Write conditional aggregates with CASE WHEN
Write a query that produces conditional aggregates using CASE WHEN (e.g., counts of approved vs declined transactions per merchant and the sum of amounts flagged for review). Explain why CASE WHEN is the portable approach across SQL dialects compared with dialect-specific boolean-to-integer coercion (e.g., SUM(column = 'x')).

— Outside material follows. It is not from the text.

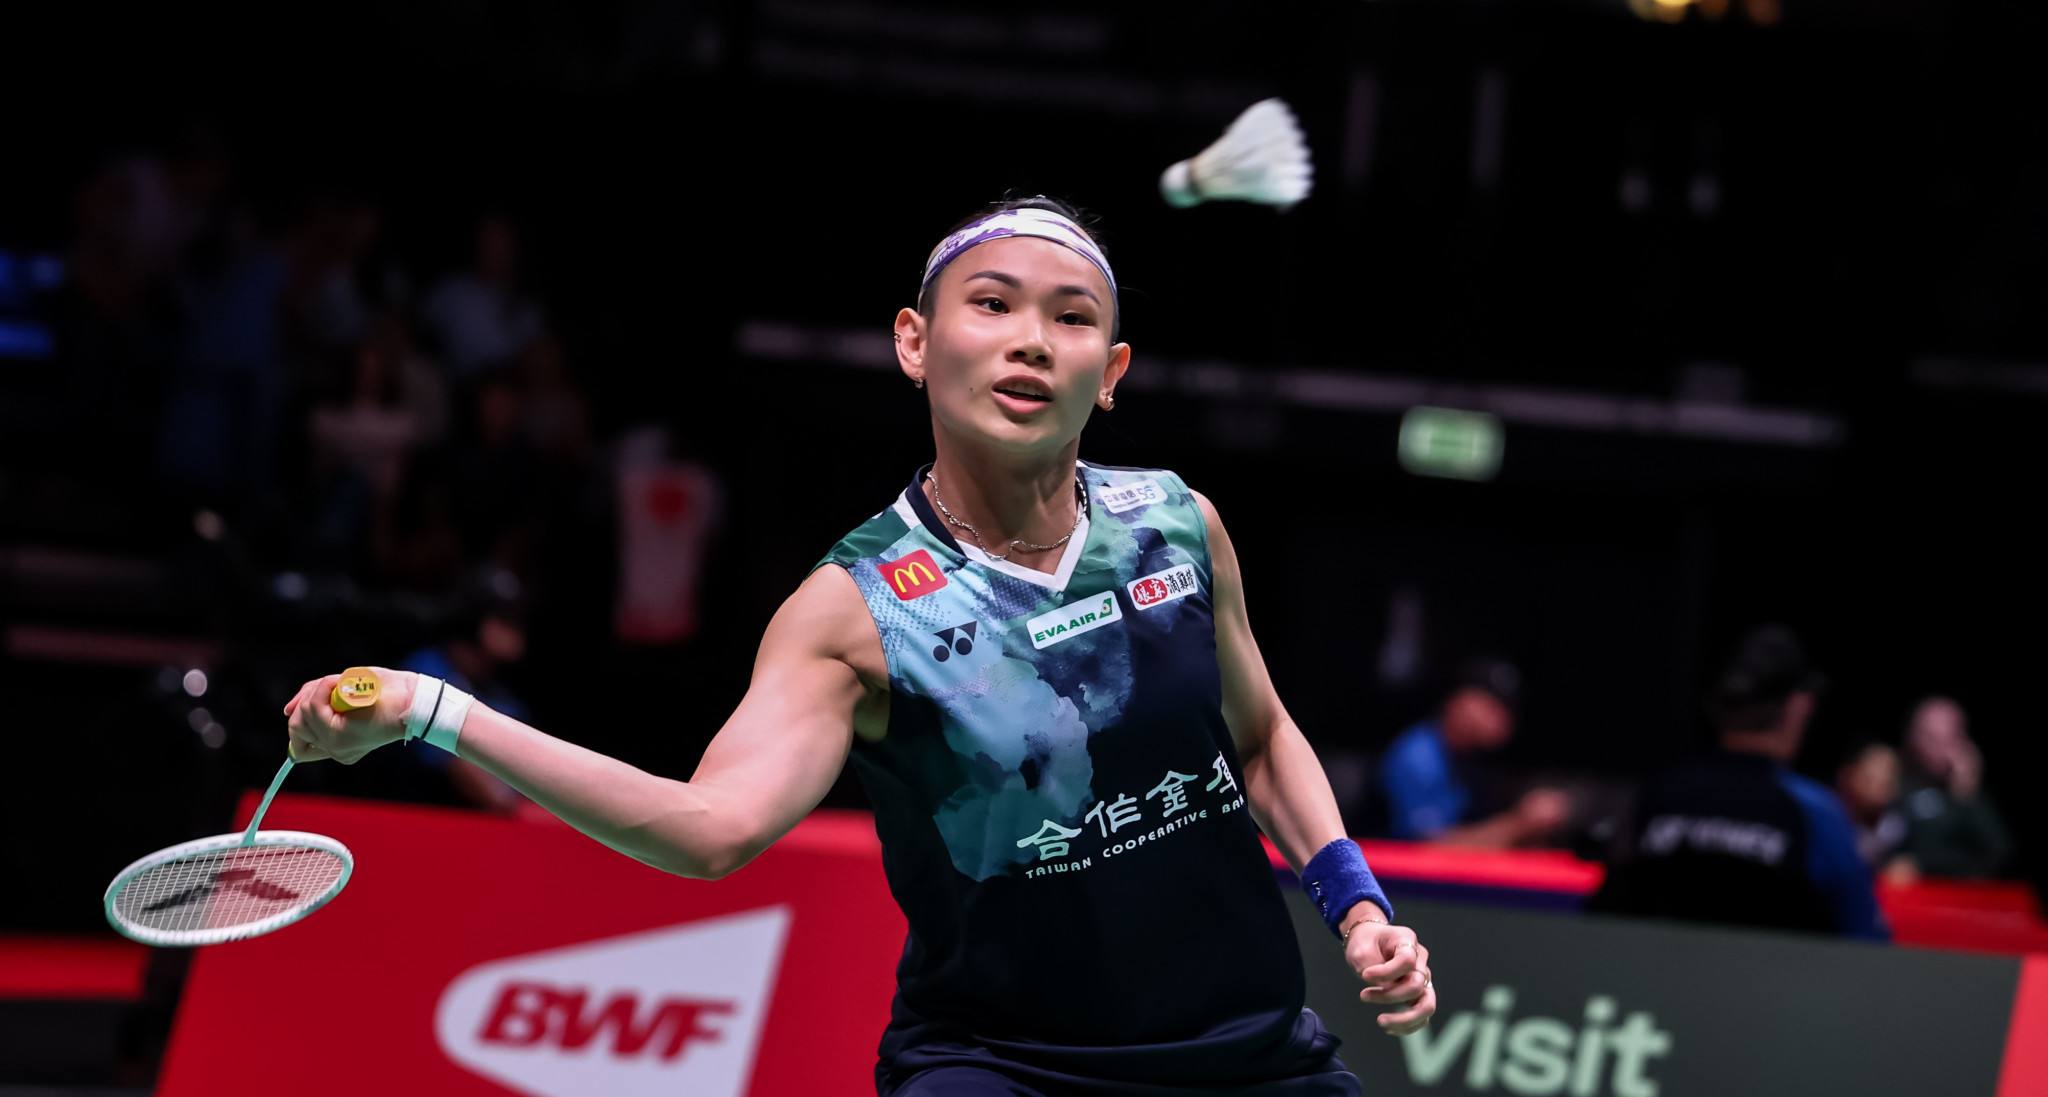 Chinese Taipei’s fourth seed Tai Tzu Ying silenced the home crowd with a three-game victory over Line Kjærsfeldt of Denmark ©Badmintonphoto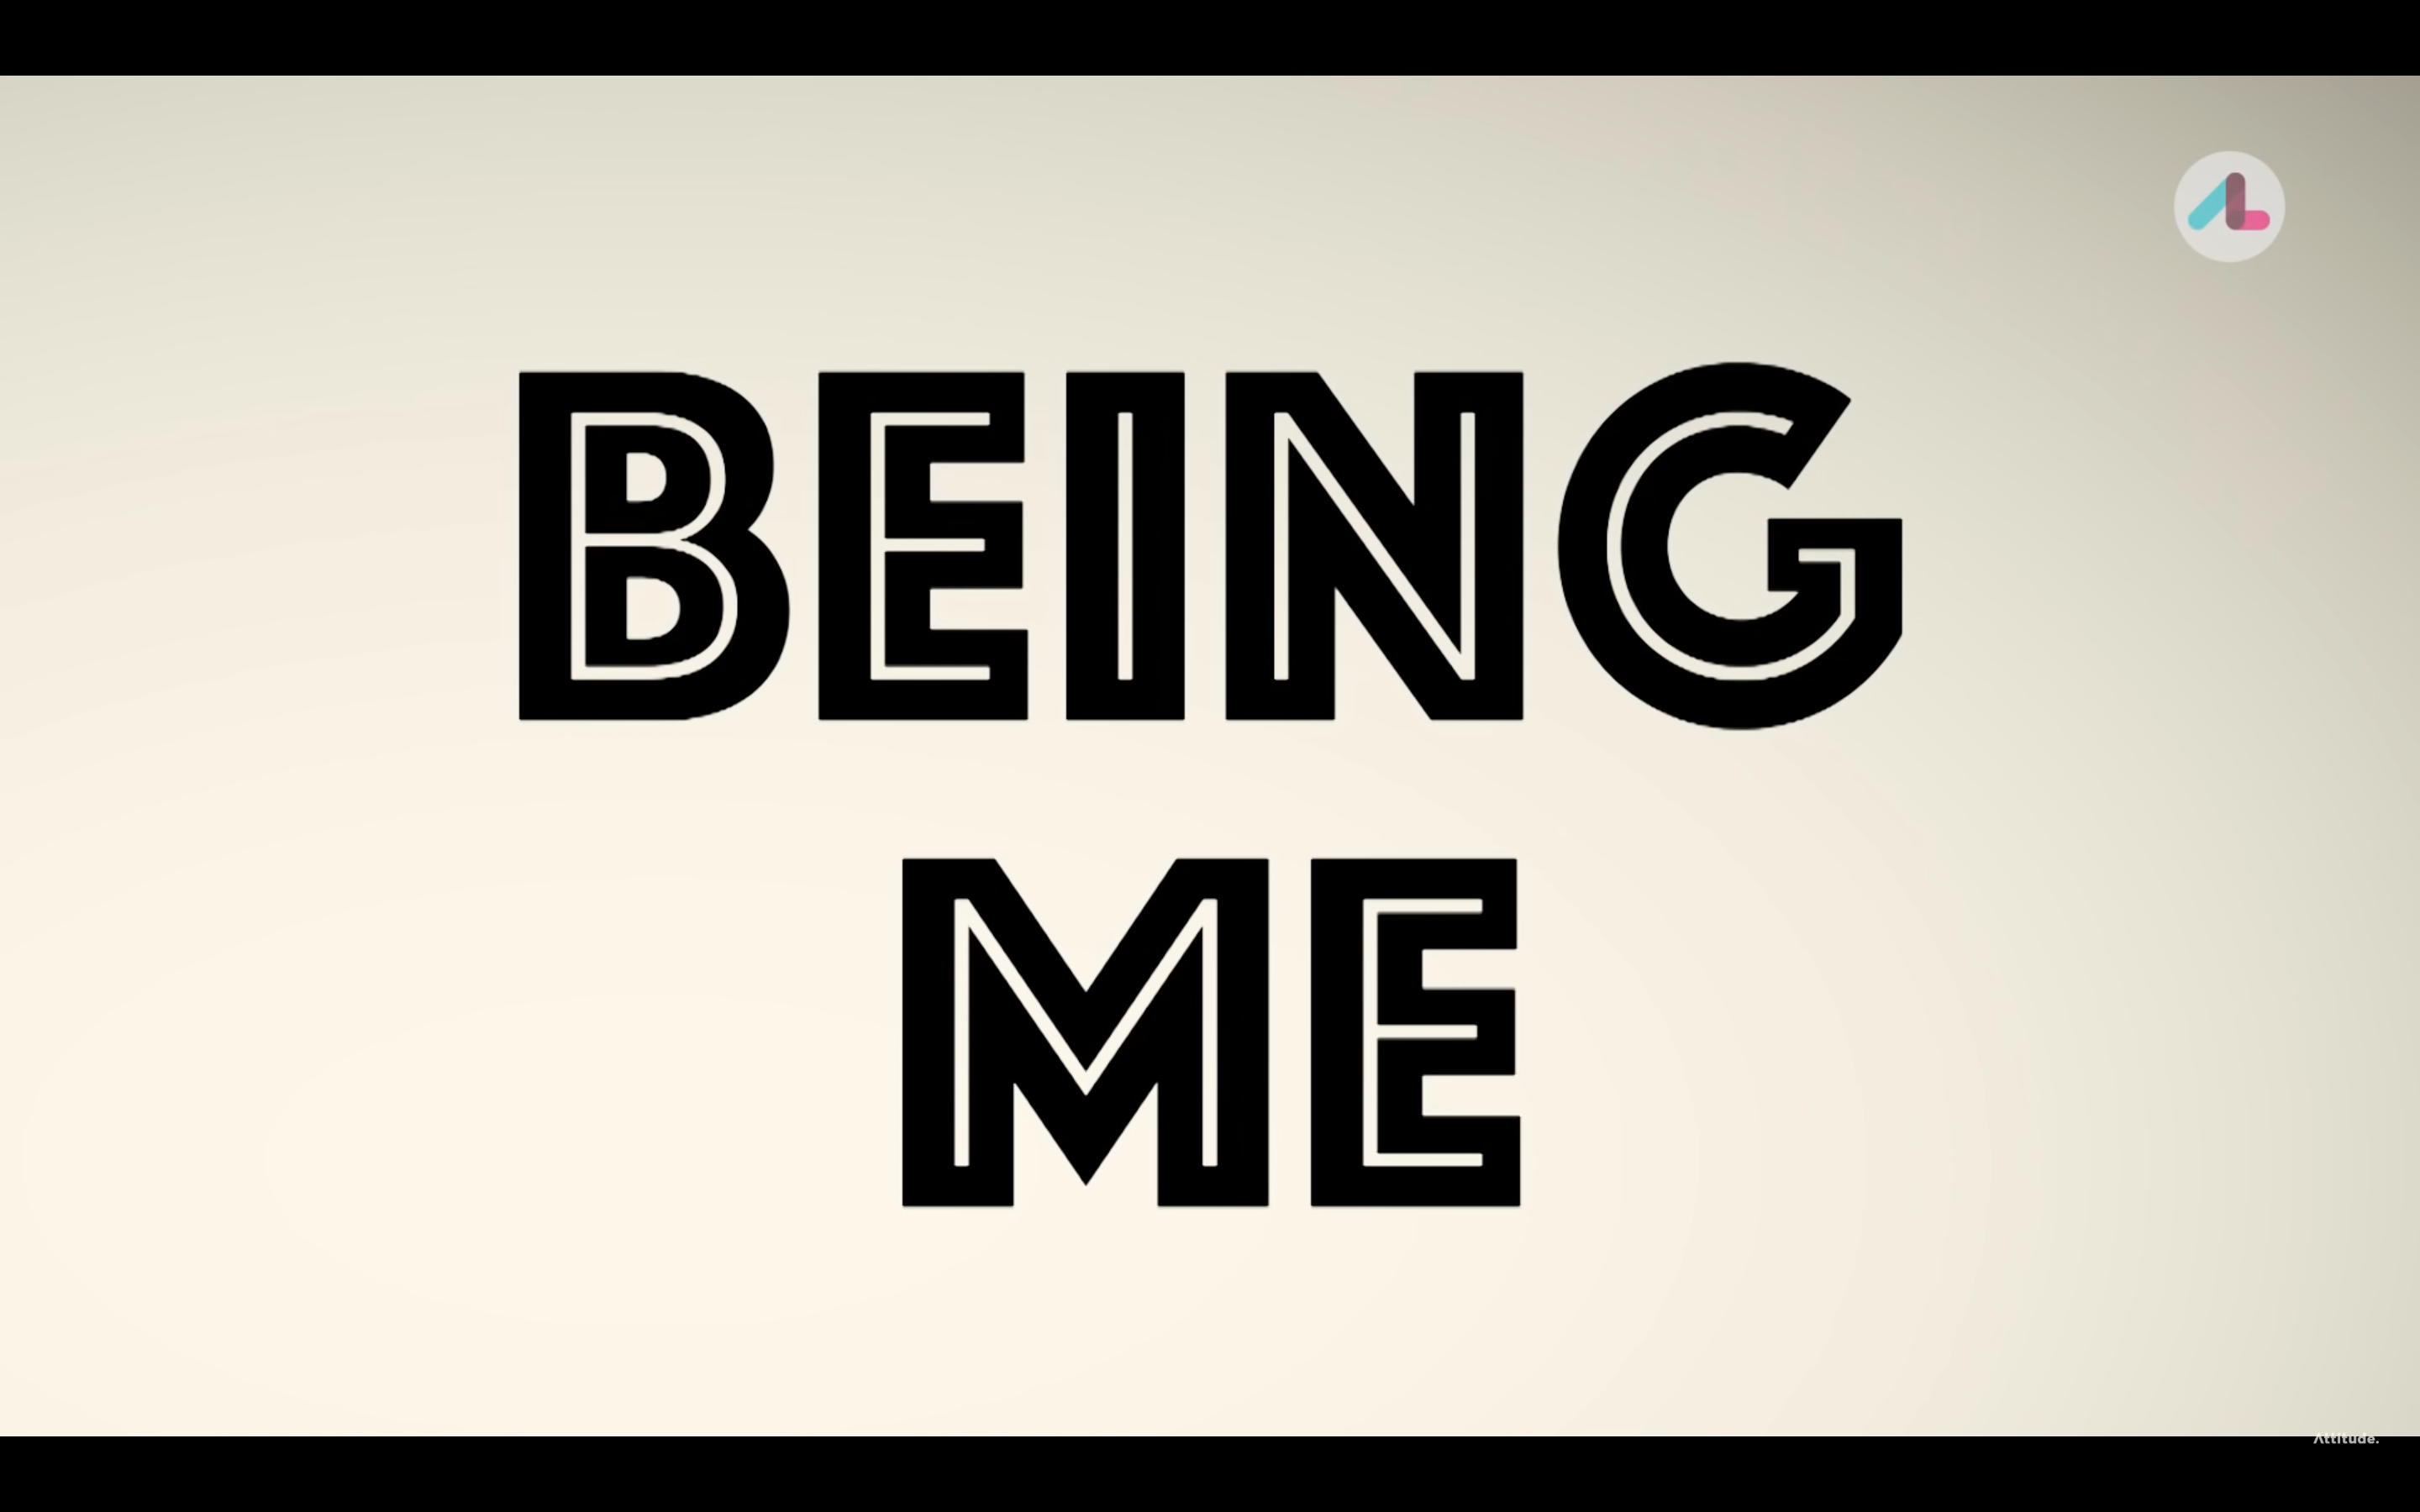 Deaf and Blind: Being Me Heather

Discuss readability and maintainability trade-offs.
Constraints & Assumptions
-
Preserve the scope, facts, inputs, and requested outputs from the prompt above.
-
If the prompt leaves a detail unspecified, state a reasonable assumption before relying on it.
-
Keep the answer interview-ready: concise enough to present, but concrete enough to implement or evaluate.
Clarifying Questions to Ask
-
Clarify SQL dialect or Python library versions, date/time semantics, duplicate handling, and null handling.
-
Define the grain of each intermediate result before aggregating.
-
State expected output columns and ordering explicitly.
What a Strong Answer Covers
-
A query or pandas plan that matches the requested output grain.
-
Correct joins, filters, grouping, window functions, and treatment of NULLs or duplicates.
-
A brief explanation of why the result is correct and how it handles edge cases.
-
Performance notes, indexes/partitioning, and validation queries when relevant.
Follow-up Questions
-
How would you test the query on a tiny hand-built dataset?
-
What changes if duplicate events or late-arriving data are present?
-
Which indexes, clustering, or partitions would help at production scale?